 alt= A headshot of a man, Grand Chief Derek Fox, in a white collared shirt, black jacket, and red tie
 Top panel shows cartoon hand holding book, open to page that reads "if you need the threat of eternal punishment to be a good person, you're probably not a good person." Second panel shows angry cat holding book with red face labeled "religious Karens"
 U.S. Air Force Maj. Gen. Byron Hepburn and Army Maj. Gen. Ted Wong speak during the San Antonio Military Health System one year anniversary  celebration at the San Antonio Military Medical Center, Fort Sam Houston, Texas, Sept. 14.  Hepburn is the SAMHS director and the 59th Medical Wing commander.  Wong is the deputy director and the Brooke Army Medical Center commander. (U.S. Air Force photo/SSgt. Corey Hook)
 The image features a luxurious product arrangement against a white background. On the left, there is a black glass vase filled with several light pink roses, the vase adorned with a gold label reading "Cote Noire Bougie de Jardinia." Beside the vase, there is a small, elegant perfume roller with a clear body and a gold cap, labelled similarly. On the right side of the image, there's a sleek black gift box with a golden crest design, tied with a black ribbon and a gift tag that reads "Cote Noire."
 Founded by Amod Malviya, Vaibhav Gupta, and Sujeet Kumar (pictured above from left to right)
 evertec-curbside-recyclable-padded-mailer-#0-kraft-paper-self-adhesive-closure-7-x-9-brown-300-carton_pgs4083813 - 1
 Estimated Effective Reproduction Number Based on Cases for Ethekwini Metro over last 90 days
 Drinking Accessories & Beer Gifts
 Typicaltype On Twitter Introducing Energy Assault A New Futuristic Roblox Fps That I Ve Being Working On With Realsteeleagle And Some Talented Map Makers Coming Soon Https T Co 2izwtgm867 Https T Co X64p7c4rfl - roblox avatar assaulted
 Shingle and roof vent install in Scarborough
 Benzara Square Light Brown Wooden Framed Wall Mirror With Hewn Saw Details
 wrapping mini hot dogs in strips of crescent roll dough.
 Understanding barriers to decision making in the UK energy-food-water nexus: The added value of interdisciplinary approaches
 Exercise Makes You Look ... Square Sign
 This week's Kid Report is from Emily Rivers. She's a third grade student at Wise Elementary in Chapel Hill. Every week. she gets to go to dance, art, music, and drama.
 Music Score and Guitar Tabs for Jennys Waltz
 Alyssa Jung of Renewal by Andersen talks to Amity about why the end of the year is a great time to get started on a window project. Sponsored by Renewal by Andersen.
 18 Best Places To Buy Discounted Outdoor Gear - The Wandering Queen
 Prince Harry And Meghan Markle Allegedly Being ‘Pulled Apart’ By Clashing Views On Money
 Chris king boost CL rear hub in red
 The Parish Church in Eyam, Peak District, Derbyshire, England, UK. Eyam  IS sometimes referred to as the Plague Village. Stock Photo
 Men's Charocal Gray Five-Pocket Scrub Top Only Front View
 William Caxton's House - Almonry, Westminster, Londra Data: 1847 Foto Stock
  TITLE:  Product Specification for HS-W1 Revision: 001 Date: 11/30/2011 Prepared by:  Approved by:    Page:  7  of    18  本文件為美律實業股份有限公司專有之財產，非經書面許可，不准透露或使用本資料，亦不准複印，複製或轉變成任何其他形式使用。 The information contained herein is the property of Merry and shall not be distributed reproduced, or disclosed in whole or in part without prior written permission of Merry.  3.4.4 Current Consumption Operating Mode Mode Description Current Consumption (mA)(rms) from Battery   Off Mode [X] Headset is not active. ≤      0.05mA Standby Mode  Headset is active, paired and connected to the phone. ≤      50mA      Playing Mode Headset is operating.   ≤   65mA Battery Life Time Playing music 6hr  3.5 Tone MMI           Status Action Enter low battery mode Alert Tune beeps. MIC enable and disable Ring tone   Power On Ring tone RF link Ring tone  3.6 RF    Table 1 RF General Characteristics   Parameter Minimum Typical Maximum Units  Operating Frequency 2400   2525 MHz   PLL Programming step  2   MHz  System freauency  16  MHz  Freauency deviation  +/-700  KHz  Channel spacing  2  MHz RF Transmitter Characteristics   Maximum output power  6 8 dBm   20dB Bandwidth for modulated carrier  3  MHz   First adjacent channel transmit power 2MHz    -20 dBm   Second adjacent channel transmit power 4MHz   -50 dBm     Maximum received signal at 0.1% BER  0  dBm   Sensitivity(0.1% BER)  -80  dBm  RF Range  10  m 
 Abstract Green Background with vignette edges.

(Task to carry out) Once you find the line with "Estimated Effective Reproduction" in the entries above, output it and each line after it up to and including the line with "Music Score and Guitar Tabs for Jennys Waltz", and nothing else.

(Response to the exercise)
 Estimated Effective Reproduction Number Based on Cases for Ethekwini Metro over last 90 days
 Drinking Accessories & Beer Gifts
 Typicaltype On Twitter Introducing Energy Assault A New Futuristic Roblox Fps That I Ve Being Working On With Realsteeleagle And Some Talented Map Makers Coming Soon Https T Co 2izwtgm867 Https T Co X64p7c4rfl - roblox avatar assaulted
 Shingle and roof vent install in Scarborough
 Benzara Square Light Brown Wooden Framed Wall Mirror With Hewn Saw Details
 wrapping mini hot dogs in strips of crescent roll dough.
 Understanding barriers to decision making in the UK energy-food-water nexus: The added value of interdisciplinary approaches
 Exercise Makes You Look ... Square Sign
 This week's Kid Report is from Emily Rivers. She's a third grade student at Wise Elementary in Chapel Hill. Every week. she gets to go to dance, art, music, and drama.
 Music Score and Guitar Tabs for Jennys Waltz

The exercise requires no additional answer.